Reputation: 25
I want to scape all the titles fo the result from google search.
For example, if I google 'asus', then I want to scrape all the title of the first page.
My problem is my result is empty.
The code is as below:
url = 'https://www.google.com/search?q=asus'
first_page <- read_html(url)
title = html_nodes(first_page,'h3.LC20lb.DKV0Md') %>% html_text()
The reason why I use 'h3.LC20lb.DKV0Md' because I inspect the source code like below figure enter image description here
Upvotes: 2
Views: 4545
Reputation: 173793
The problem is that the class names on Google searches are not constant, so you need to use tag names instead of class names. I find it easier with xpath rather than css selectors:
library(tidyverse)
library(rvest)
url = 'https://www.google.com/search?q=asus'
first_page <- read_html(url)
titles <- html_nodes(first_page, xpath = "//div/div/div/a/div[not(div)]") %>%
html_text()
titles <- titles[titles != ">"]
titles <- titles[titles != "View all"]
titles <- titles[nzchar(titles)]
df <- tibble(title = titles[1:(length(titles)/2) * 2 - 1],
url = titles[1:(length(titles)/2) * 2])
df
#> # A tibble: 7 x 2
#> title url
#> <chr> <chr>
#> 1 ASUS United Kingdom https://www.asus.com › ...
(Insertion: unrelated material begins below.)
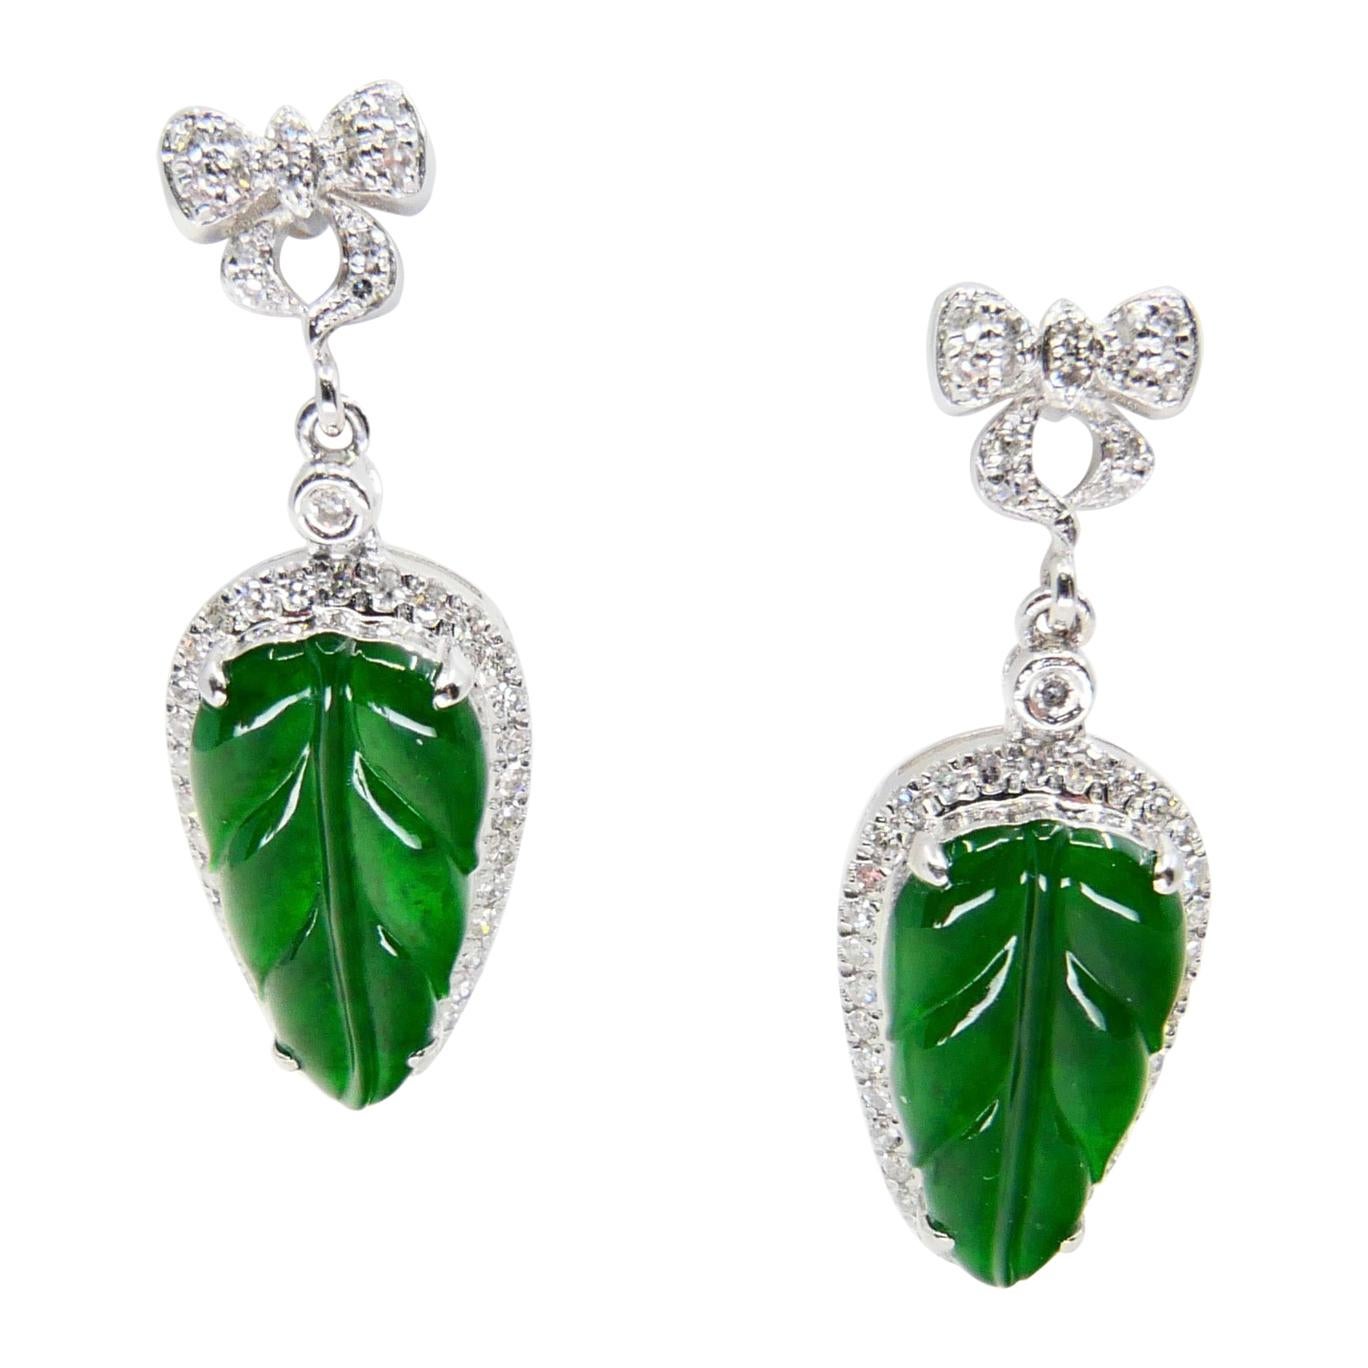 Certified Icy Imperial Green Jade & Diamond Earrings, Collector's Quality For Sale

#> 2 Asus - Wikipedia https://en.wikipedia.org › wiki › Asus
#> 3 Asus Store: Computers & Accessories~ https://www.amazon.co.uk › Asus-Computer~
#> 4 ASUS - Amazon.co.uk https://www.amazon.co.uk › stores › ASUS~
#> 5 ASUS RMA https://rma.asus-europe.eu
#> 6 ASUS Subreddit https://www.reddit.com › ASUS
#> 7 ASUS Deals | Laptops Direct https://www.laptopsdirect.co.uk › asus
Created on 2020-03-02 by the reprex package (v0.3.0)
Upvotes: 4